TASK DIRECTIONS >> In the listing below, locate the line with "Отзывы о Телеграм канале Кухня Ставок" and the line with "Clipart door latch", then output both and everything between them exactly, minus any pictures.
Start of DATA SHOWN
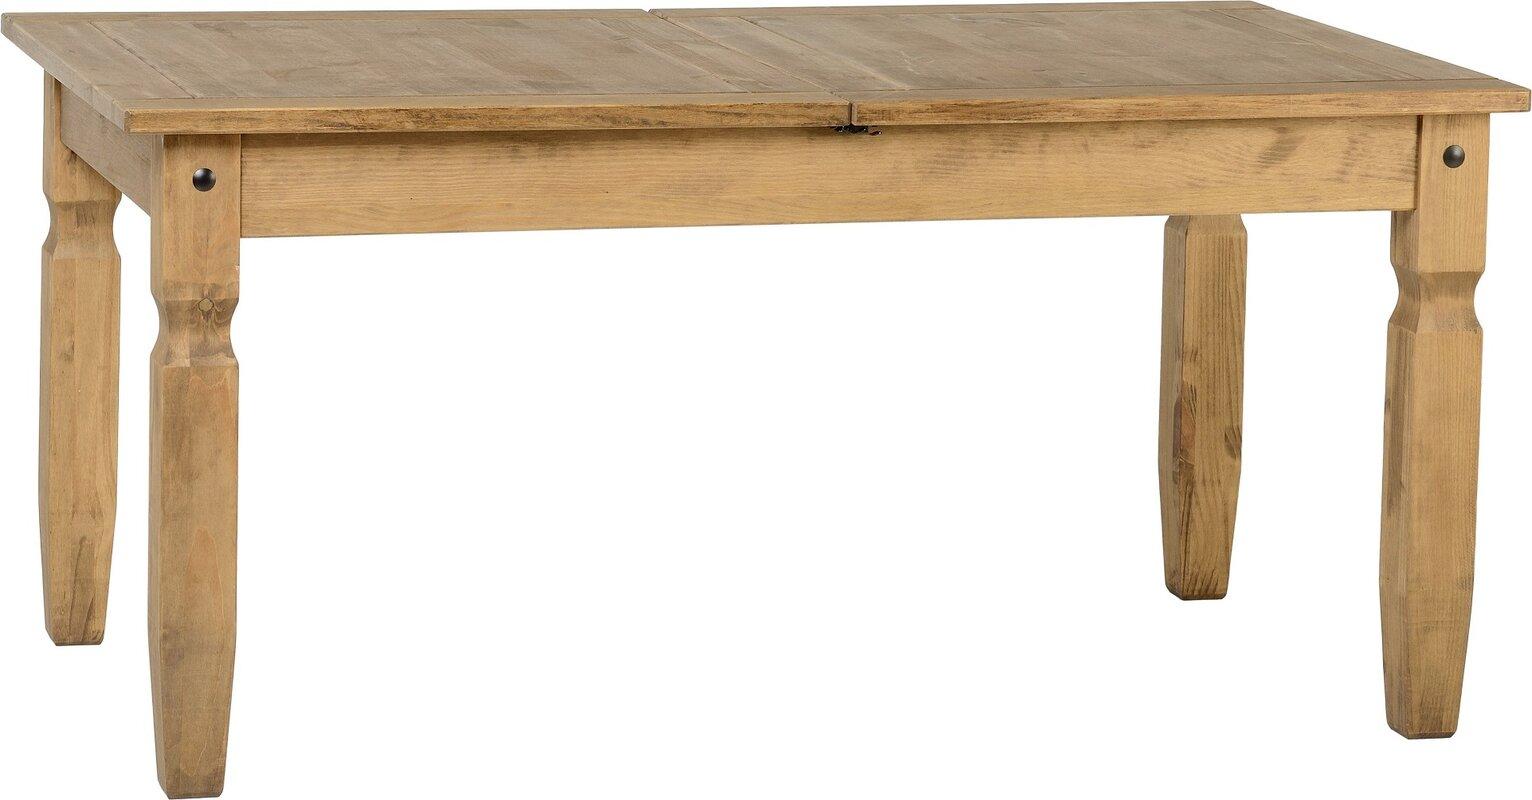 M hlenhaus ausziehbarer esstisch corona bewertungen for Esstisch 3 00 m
End of DATA SHOWN
Start of DATA SHOWN
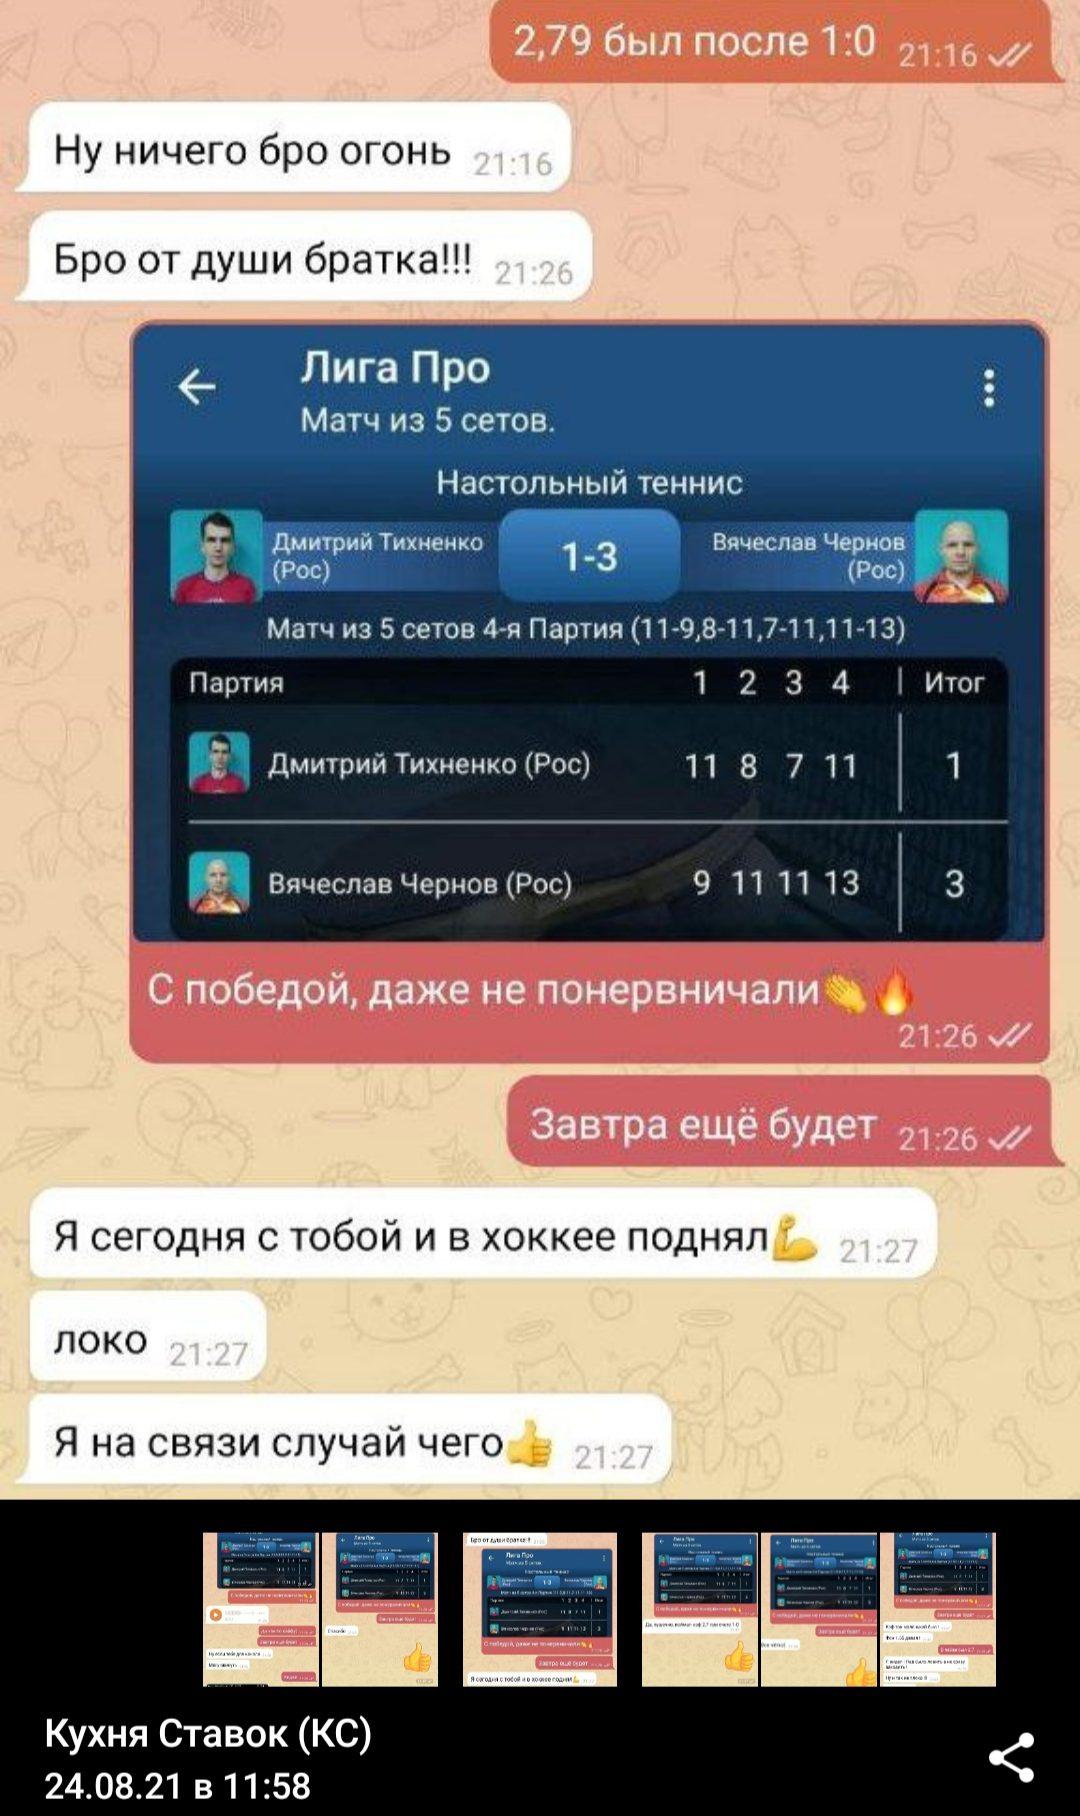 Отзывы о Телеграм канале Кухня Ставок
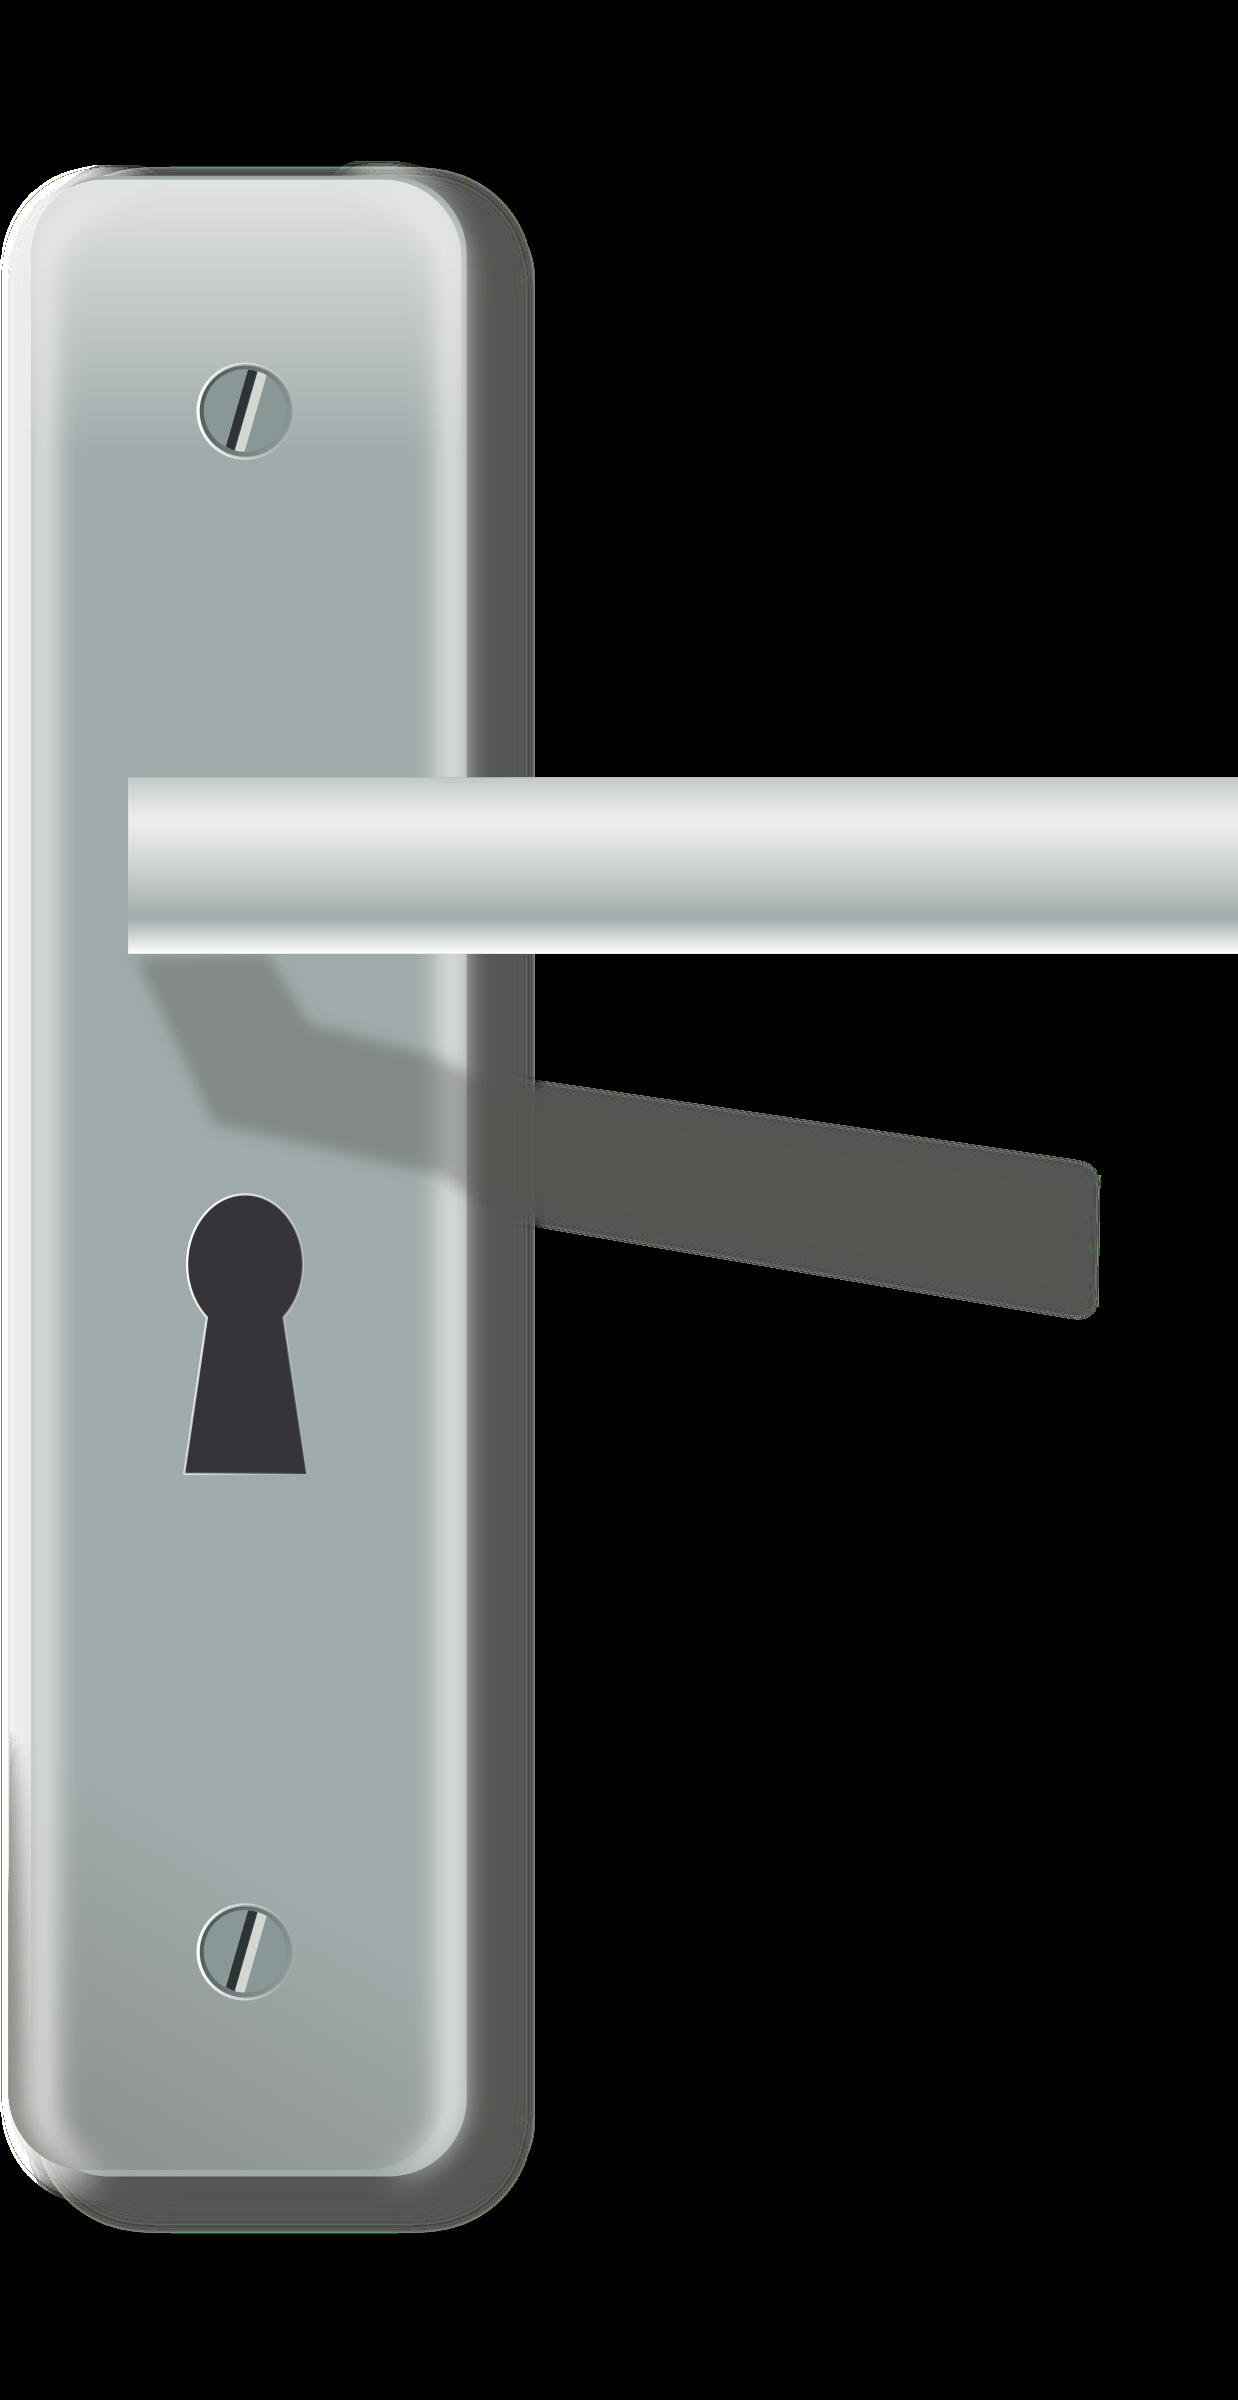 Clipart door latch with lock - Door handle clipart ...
End of DATA SHOWN
RESULT BELOW >>
 Отзывы о Телеграм канале Кухня Ставок
 Clipart door latch with lock - Door handle clipart ...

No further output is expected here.